Continues the Record

Pausing in my work, I rose and looked out across the sunlit sea. Then, eager to gain further knowledge, returned and continued the deciphering, as follows:

“Of the years I remained at Croylande, growing old in years, and often visiting with my friend Malcolm Maxwell the beadsman Petre of Castor, beyond the town of Peterborough, I speak not, save to say that much happened in London of the king’s marriages and or our lord-Cardynall Wolsey’s disfavour with his majesty.

“But now, reader, another thing did happen in the year 1537 that unquieted our abbot and all of us – namely, that the king intended to suppress and seize our abbey, as his majesty had seized the houses of Romburgh, Fyneshed, Walsinghame, and Bury St.

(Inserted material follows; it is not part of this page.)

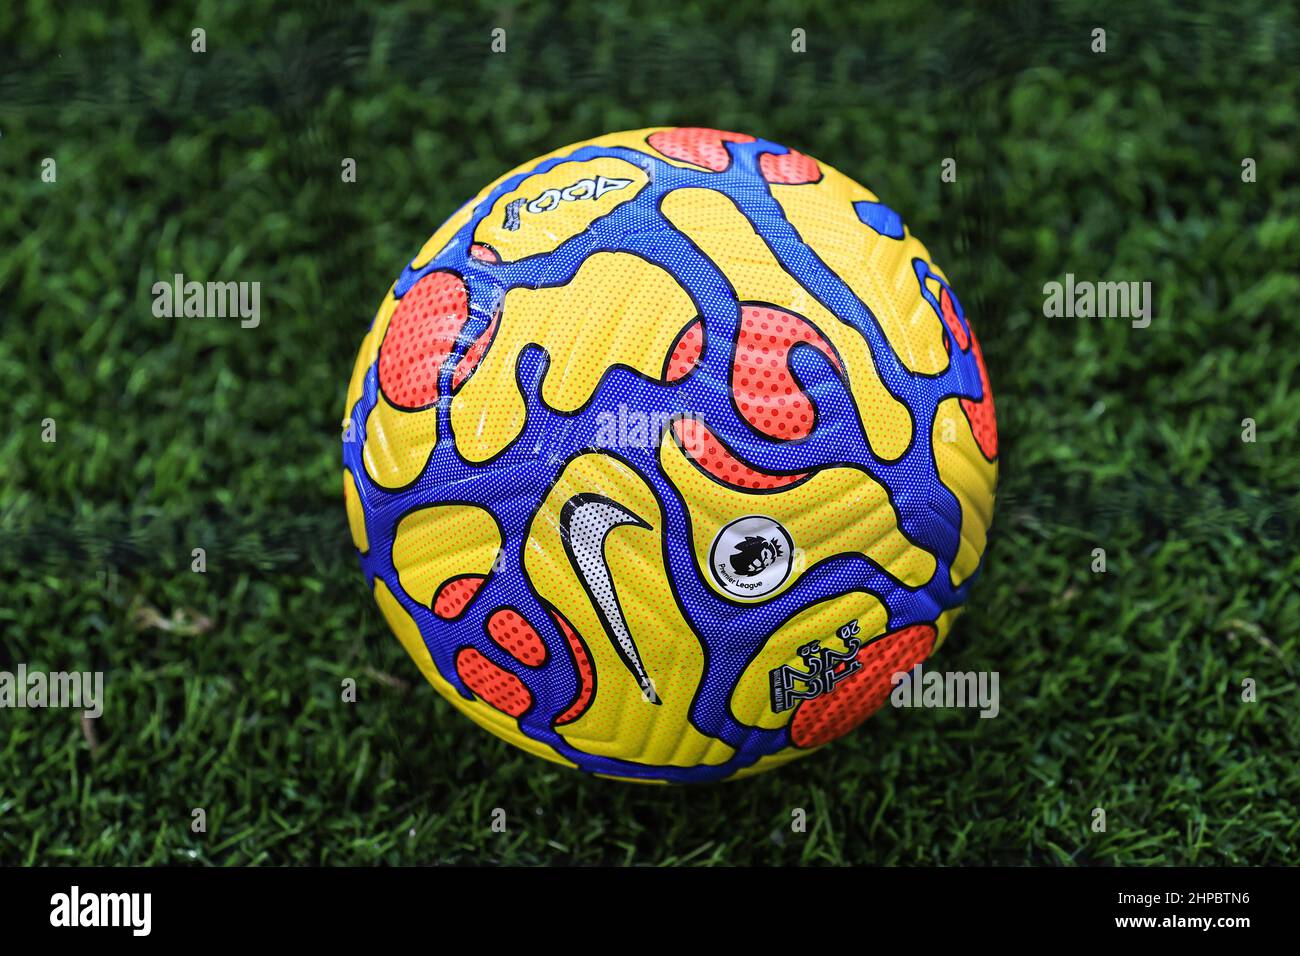 Premier League Nike Flight official match ball Stock Photo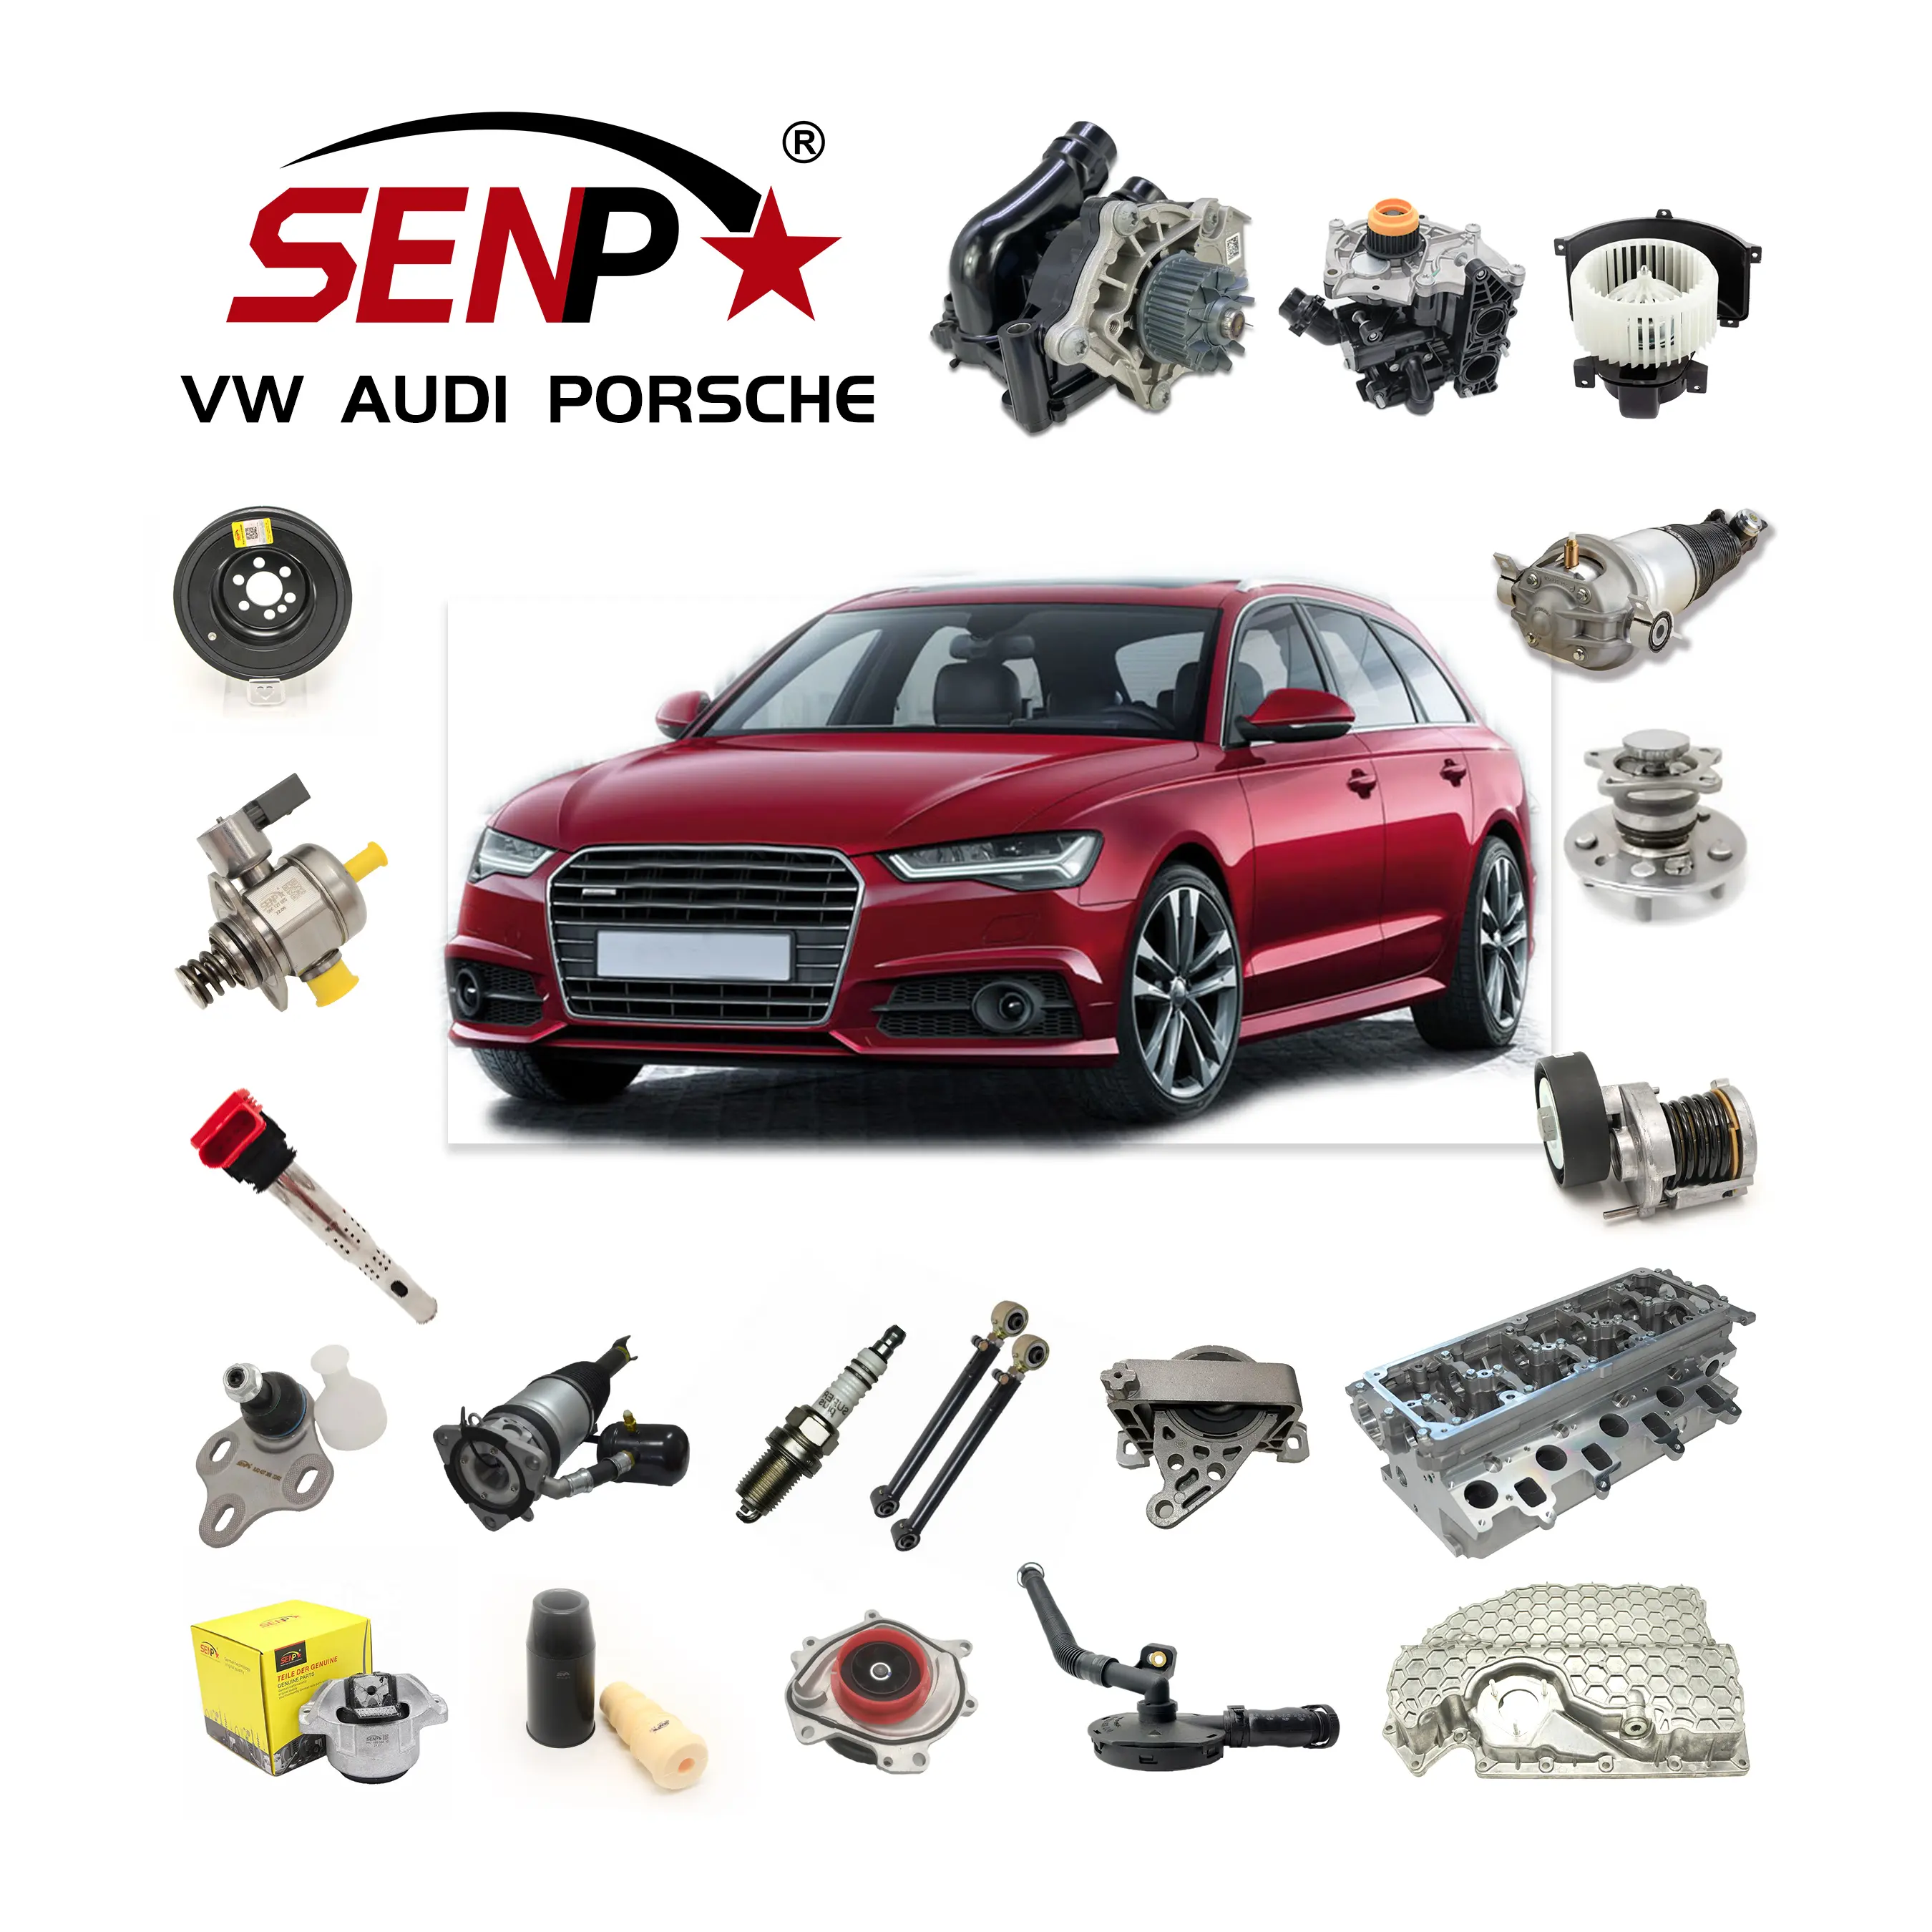 Senp 자동 차 부속 판매인 자동 AUDI VW 포르쉐를 위한 다른 예비 품목 독일 차 부속품 모든 모형 부속 자신의 상표

Edmonds. Whereupon our abbot, John Welles, a holy and well-beloved man, wrote unto Thomas Cromwell, chief secretary to the king’s highness, this letter:

”‘With due reverence I command me unto your honourable lordship, humbly asserteing the same that I send your lordship by this bearer part of our fen fish, right meekly beseeching your lordship favourably to accept the same fish, and to be good and favourable, lord, unto me and my poor house, in such cause as I hereafter shall have cause to serve unto your good lordship, and I with my bretheren shall daily pray to our Lord God for the long continuance of your lordship in health. – At Croylande the xxv. day of March, by your daily orator, John, abbot there.’

“But it pleased not the King’s Secretary that our splendid abbey should be spared, and the gift of our fish was unavailing. The king’s highness recognised not the good and true service done to his grace, and gave not his favour unto us. Because of its isolation our abbey became a place of refuge in those black days of the king’s wrath against us. Through those years I had lived a quiet life in the cloister, mostly employed in prayer and meditation, for of a vertie I was penitent, and prayed for the repose of the soul of my Lady Lucrezia. Alas, the secular spirit prevailed in our land, and we received worde at the first daybreak in December 1538 that the commissioners, William Parre, Robert Southwell, and Thomas Myldemay, who had seized the monastery of St. Androse in Northampton for the king’s use, intended to seize likewise our house and lands. Therefore did our good abbot John take me aside with Malcolm Maxwell and held counsel with us how best to conceal owr altar plate and jewels, of the which we held a goodly quantitie. Secretly, knowing how safe a place was the fish ponde, wherein I had already hidden the Borgia treasure, I suggested it, and that night, leaving sufficient silver to satisfy his majesty’s commissioners, the three of us took the great silver altar and a goodlie number of the Abbey treasures, and, placing the latter in three chests bound with iron, sank them deep in the mud in the centre of the pond. Only Maxwell and myself were privy to the secret that we had taken from the abbey treasury the things that follow.”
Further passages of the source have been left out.